THE TASK: Search the listing for the word "fashion" and return each line that contains it.

- - -

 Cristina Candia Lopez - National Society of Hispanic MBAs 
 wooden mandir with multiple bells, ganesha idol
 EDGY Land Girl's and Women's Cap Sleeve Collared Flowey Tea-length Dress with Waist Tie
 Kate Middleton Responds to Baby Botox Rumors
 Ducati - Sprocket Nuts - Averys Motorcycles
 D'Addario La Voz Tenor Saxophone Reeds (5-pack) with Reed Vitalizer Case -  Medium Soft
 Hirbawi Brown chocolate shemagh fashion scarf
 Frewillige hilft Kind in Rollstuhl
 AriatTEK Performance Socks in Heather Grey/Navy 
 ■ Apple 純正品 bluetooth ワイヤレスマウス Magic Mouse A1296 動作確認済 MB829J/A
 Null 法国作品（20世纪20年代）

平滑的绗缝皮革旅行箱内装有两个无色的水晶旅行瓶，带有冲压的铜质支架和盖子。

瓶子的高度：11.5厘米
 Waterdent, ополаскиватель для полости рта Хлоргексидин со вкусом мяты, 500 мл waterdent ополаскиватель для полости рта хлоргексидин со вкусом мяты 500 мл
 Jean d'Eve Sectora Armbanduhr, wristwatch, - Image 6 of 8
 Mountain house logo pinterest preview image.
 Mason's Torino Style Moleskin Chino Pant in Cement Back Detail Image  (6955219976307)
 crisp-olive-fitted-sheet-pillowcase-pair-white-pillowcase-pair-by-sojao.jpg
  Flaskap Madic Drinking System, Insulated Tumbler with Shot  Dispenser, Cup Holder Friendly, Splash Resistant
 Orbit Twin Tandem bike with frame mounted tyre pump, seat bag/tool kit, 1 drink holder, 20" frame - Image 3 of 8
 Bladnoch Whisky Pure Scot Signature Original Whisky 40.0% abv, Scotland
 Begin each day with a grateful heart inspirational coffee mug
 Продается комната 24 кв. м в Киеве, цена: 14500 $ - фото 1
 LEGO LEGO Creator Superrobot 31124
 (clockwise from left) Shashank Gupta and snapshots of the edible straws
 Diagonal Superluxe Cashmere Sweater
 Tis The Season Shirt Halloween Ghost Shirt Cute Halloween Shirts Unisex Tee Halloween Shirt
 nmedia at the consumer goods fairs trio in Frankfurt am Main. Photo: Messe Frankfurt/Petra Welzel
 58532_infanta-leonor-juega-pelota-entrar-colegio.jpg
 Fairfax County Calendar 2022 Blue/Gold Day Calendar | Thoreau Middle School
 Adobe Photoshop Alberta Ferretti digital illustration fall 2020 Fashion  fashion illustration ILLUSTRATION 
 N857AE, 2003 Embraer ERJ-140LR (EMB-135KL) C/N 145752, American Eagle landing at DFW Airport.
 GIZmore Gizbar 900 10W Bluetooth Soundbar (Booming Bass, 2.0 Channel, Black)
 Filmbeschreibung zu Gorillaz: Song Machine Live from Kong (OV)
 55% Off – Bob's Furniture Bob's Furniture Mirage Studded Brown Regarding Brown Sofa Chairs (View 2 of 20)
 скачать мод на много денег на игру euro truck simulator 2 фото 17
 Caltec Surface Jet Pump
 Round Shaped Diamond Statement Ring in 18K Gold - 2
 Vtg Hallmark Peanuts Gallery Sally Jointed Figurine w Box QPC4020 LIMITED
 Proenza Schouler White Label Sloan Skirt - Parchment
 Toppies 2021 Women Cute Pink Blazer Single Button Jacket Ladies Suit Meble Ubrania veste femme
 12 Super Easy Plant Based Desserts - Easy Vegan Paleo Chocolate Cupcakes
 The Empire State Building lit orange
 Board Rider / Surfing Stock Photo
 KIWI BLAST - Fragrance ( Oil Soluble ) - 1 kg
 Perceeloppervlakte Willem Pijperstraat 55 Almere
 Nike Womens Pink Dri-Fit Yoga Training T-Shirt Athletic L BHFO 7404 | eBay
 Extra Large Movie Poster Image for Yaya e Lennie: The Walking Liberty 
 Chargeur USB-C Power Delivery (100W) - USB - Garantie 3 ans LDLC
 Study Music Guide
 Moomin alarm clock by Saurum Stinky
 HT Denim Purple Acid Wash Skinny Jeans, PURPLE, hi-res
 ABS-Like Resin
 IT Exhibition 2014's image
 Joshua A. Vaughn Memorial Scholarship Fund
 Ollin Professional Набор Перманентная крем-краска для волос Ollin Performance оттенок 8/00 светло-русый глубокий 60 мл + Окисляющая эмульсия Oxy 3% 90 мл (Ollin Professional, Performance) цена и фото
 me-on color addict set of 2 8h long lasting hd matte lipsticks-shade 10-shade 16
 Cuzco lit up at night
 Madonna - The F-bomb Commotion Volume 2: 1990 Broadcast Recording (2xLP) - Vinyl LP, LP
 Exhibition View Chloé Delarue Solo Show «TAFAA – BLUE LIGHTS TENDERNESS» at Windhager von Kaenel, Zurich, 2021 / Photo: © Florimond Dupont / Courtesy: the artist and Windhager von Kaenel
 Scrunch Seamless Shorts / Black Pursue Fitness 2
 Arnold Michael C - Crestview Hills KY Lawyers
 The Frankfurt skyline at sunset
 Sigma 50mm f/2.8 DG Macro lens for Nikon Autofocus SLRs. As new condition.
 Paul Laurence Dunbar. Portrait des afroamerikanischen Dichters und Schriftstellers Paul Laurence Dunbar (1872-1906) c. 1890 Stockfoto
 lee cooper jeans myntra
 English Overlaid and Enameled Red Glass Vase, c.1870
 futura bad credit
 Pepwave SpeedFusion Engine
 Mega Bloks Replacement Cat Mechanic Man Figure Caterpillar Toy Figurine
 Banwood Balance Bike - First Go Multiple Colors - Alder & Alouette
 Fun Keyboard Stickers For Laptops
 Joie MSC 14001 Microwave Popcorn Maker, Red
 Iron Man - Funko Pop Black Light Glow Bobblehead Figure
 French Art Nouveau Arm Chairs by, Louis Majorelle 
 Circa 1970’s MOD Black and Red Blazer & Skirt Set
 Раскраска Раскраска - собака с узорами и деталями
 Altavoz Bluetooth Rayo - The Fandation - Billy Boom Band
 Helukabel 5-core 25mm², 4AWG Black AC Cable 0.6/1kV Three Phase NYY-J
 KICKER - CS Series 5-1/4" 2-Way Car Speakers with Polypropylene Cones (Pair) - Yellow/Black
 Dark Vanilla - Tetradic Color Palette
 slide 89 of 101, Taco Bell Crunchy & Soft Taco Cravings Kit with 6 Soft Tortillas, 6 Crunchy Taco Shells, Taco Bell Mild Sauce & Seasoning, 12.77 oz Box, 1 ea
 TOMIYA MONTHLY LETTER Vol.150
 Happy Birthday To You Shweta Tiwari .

- - -

TASK ANSWER:
 Hirbawi Brown chocolate shemagh fashion scarf
 Adobe Photoshop Alberta Ferretti digital illustration fall 2020 Fashion  fashion illustration ILLUSTRATION 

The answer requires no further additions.